= Paula Hinton =

English ballet dancer

Paula Doris Hinton (1 June 1924 – 5 November 1996) was an English ballet dancer who became the wife and dancing partner of the choreographer Walter Gore.

==Biography==
Born in Ilford, Essex, Hinton was the daughter of travelling opera singers who settled in Liverpool. Already in her mid-teens, she studied ballet there making her début in 1943 as Helen of Troy in Dr Faustus at the Playhouse, Liverpool. The following year, Andrée Howard recommended her to the Ballet Rambert. Hinton was initially only given minor roles in ballets from the choreographers Frederick Ashton, Antony Tudor and Frank Staff. However she soon moved on to larger roles including the Queen of the Wilis in Giselle.

After receiving further instruction from Stanislas Idzikowski and Audrey de Vos, she danced in Les Sylphides and played the lead in Howard's Lady into Fox. Her qualities were also noticed by their resident choreographer Walter Gore in 1948 who gave her leading roles in his Winter Night and Plaisance.

During Ballet Rambert's 1948 tour of Australia, Gore created roles in Winter Night for himself, Sally Gilmour and Hinton, and the ballet's plot mirrored the actual "love triangle" between the three of them.

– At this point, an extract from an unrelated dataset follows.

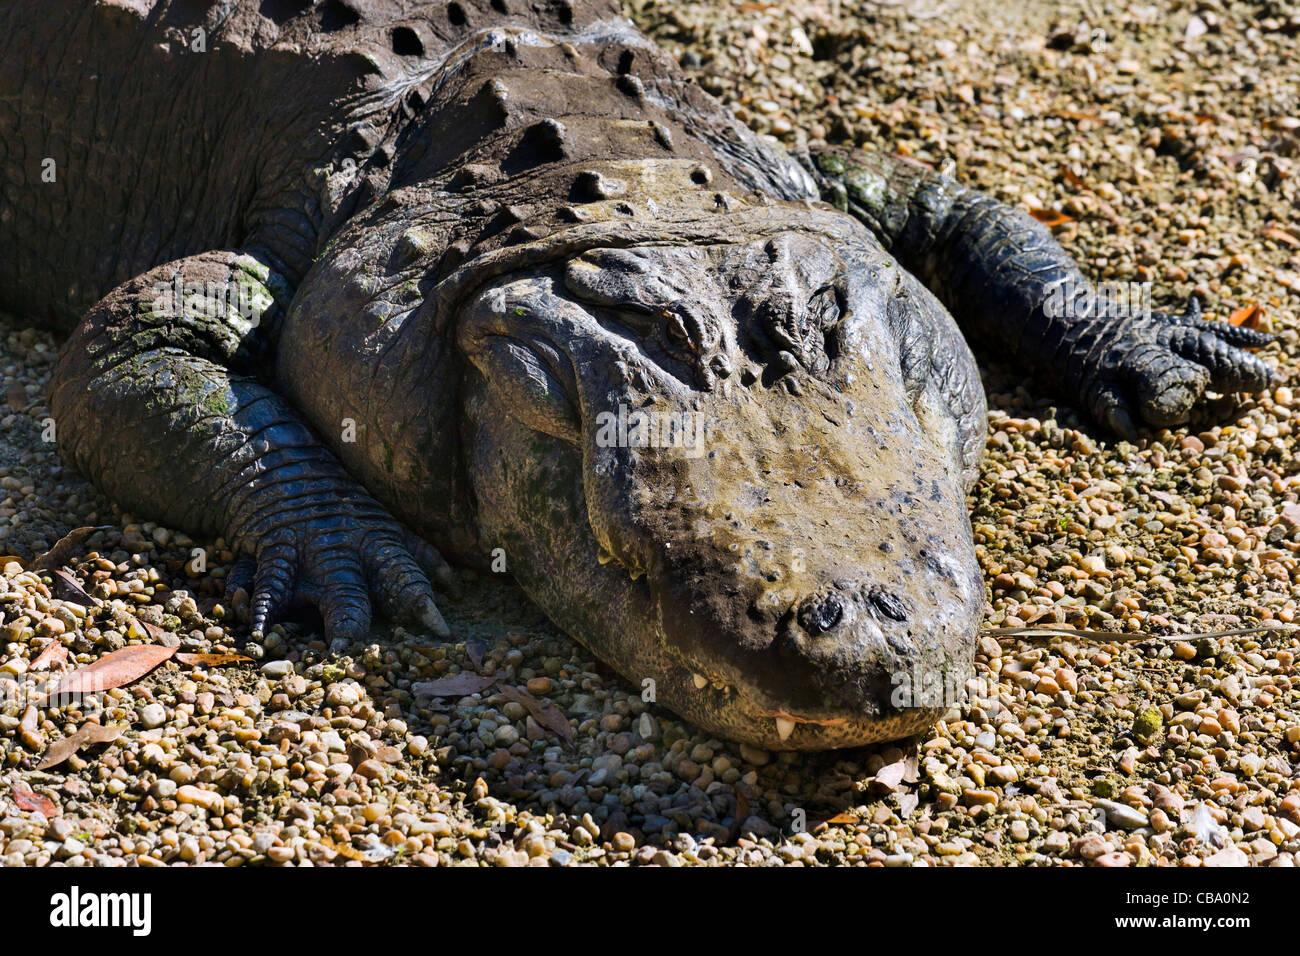 American alligator (Alligator mississippiensis), Homosassa Springs State Wildlife Park, Homosassa, Gulf Coast, Florida, - Stock Image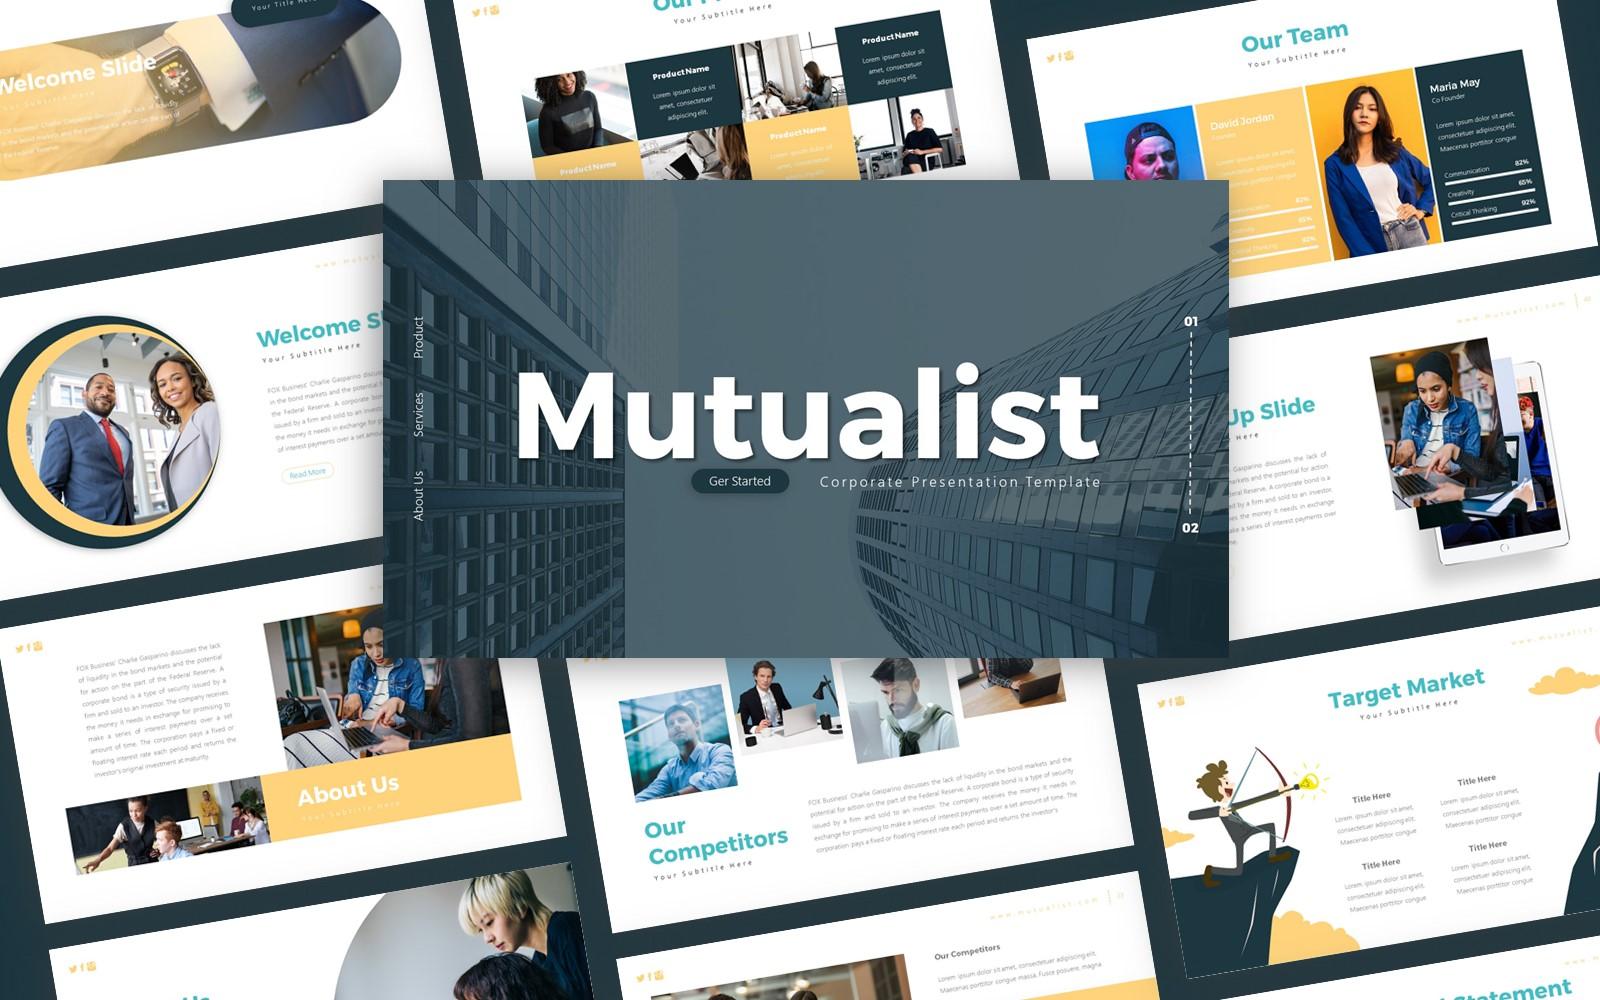 Mutualist Corporate Presentation PowerPoint Template

Up to that point, Gore and Gilmour had been in a relationship.

After appearing in a dramatic role in his Antonia, Hinton married Gore in January 1950. She made appearances with the Ballets Russes, dancing the lead in the opera-ballet Le Coq d'Or (music by Rimsky-Korsakov), and with Les Ballets des Champs-Elysées where she was burnt as a witch in Gore's La Damnée. All in all, Gore created some 20 roles for her in the various companies he led, above all in his short-lived London Ballet. Hinton also spent a considerable time dancing in the Netherlands as well as in Frankfurt, Germany.

In the early 1970s, Hinton returned to England to dance as a guest with the Northern Dance Theatre in Manchester. The ballet, Dance Pictures, was a new work created by Gore for the company and premièred at The Place in London. Gore died in April 1979 while they were in Pamplona, Spain. Hinton attempted to revive Gore's ballets but with limited success. She died in Birkenhead on 5 November 1996, leaving no children.